The Nine Circles ov… Clutch


Hailing from Maryland, Clutch has been around since 1991 and has amassed ten full lengths, five live albums, two compilations, five EP’s and two video albums. Quite the discography but really to no surprise as the band is, and always has been, a collective workhorse complete with touring schedules that would make anyone’s head spin. With their eleventh full length a mere two weeks and change away, now is as good a time as any to give them some love with this edition of The Nine Circles ov… that focuses on their studio albums.

“A Shogun Named Marcus” (from Transnational Speedway League: Anthems, Anecdotes & Undeniable Truths, 1993)

The lead off track from their full length debut is akin to a freight train with the unrelenting riffs, marching cadence drumming, and Neil Fallon growling his vocal lines. This isn’t the fastest track the band has done but it is among the heaviest and is extremely catchy which always has been a Clutch signature.

“Profits Of Doom” (from Blast Tyrant, 2004)

This is one of my favorite Clutch albums for a lot of reasons but this track sums up why. Starting with a syrupy bass line then sinking into a spaced out guitar riff, followed by Neil spitting some of his trademark lyricism and delivery that reminds you of a Sunday sermon, this one is once again catchy and an overall good time feel track.

“Tight Like That” (from Clutch, 1995)

With a simple, driving percussion line, a psychedelic rhythm section, and near crazy sounding vocals this track has always been among my top five of theirs. This is one of the first truly deep seated grooving tracks I ever heard from the band and to this day no one can do this kind of sound better. Also an immense treat in the live setting, Neil’s persona is larger than life when he gets into this one.

“Drink To The Dead” (from Pure Rock Fury, 2001)

This album is a mix of groove, melodic sensibilities, and weight. I’ve always leaned more towards their heavier tracks and this one fits the bill. Jean-Paul Gaster turns in a fantastic drum performance here, it’s the driving force throughout and loud in the mix. Otherwise, the riffs and chunky chords resemble the tone and mood of doom metal. Not the best vocal performance but when the music is this good it really doesn’t matter.

“The Incomparable Mr. Flannery” (from Robot Hive/Exodus, 2005)

Arguably one of the catchiest and most sing-along tracks in the band’s history. This one is an uptempo rock track with shout outs to REO Speedwagon, a primer grey Camaro, and rockin with Dokken just to name a few. It borrows from some of the best classic rock but with the Clutch spin. The spiraling downward riffs and piano in the background just make you want to move something. Classic Clutch.

“Eight Times Over Miss October” (from The Elephant Riders, 1998)

The senses are awakened by Neil’s screamed introduction combined with a loud guitar and heavy percussion. Sliding into a slinky shuffle with Dan Maines’ bass riffing paired with the downtuned guitar chords propel this one into stoner infinity.

“The Face” (from Earth Rocker, 2013)

Not quite as full speed ahead as the other tracks on this album and with a somber tone in the riffs, this is an album pick for me. It features one of the best choruses in recent memory, melodic gang vocals, and infectious riffs. The track also features another top notch drum performance that sounds as though there are at least two drummers in the way the cymbals are just demolished.
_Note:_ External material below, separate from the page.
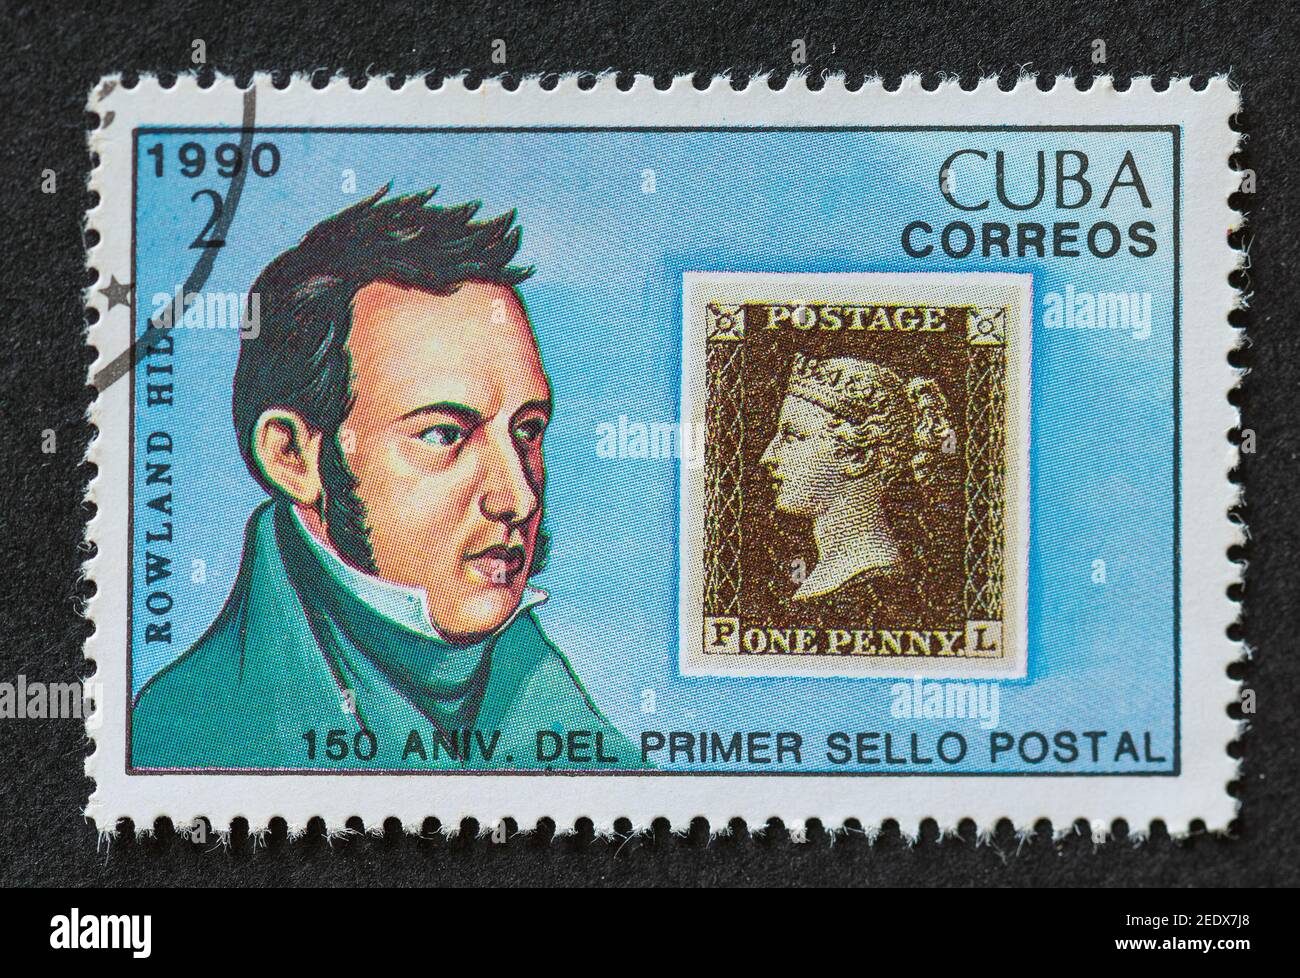 Sellos postales cubanos antiguos Foto de stock

“Struck Down” (from Strange Cousins From The West, 2009)

Upon the release of this album, the band was on their own label, Weathermaker, with no changes in sound, however, as this track proves with its mesmerizing guitars and danceable drum lines. Neil is yet again in ‘sermon’ form throughout. With a spacey sounding middle comprised of angular drumming and fret play it’s not hard to tell the band was having fun here.
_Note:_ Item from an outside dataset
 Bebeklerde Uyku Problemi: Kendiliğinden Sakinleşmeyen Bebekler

“Ghost” (from Blast Tyrant, 2004)

Like I said, this album is my favorite and “Ghost” is just another reason why. The band doesn’t do ballads but this one starts out like one. More like a western type of feel really, with an acoustic guitar and atmospheric background. Deep sounding vocals lend to the established ominous tone. Then the rock begins and is classic Clutch, from the astounding lyrical genius of Neil and the molasses thick riffs so prevalent in their work. Back and forth between quiet and loud it truly has a dark mood to it. Just another bullet on the belt for why Clutch has been a constant for me.

The Nine Circles ov Clutch on Spotify

The musicianship of the band coupled with Neil’s elite level wordplay and vocal delivery are just a couple reasons why they have been around as long as they have. If you have yet to dive into the band this will be the perfect springboard for it. May I also suggest hitting up a show. Seriously, these guys burn the house down everywhere they play. Clutch boasts damn near a perfect discography that runs the gamut of heavy, rock, jam band and just plain old balls out good time tunes that I’ve enjoyed for years, my hope is you’ll do the same.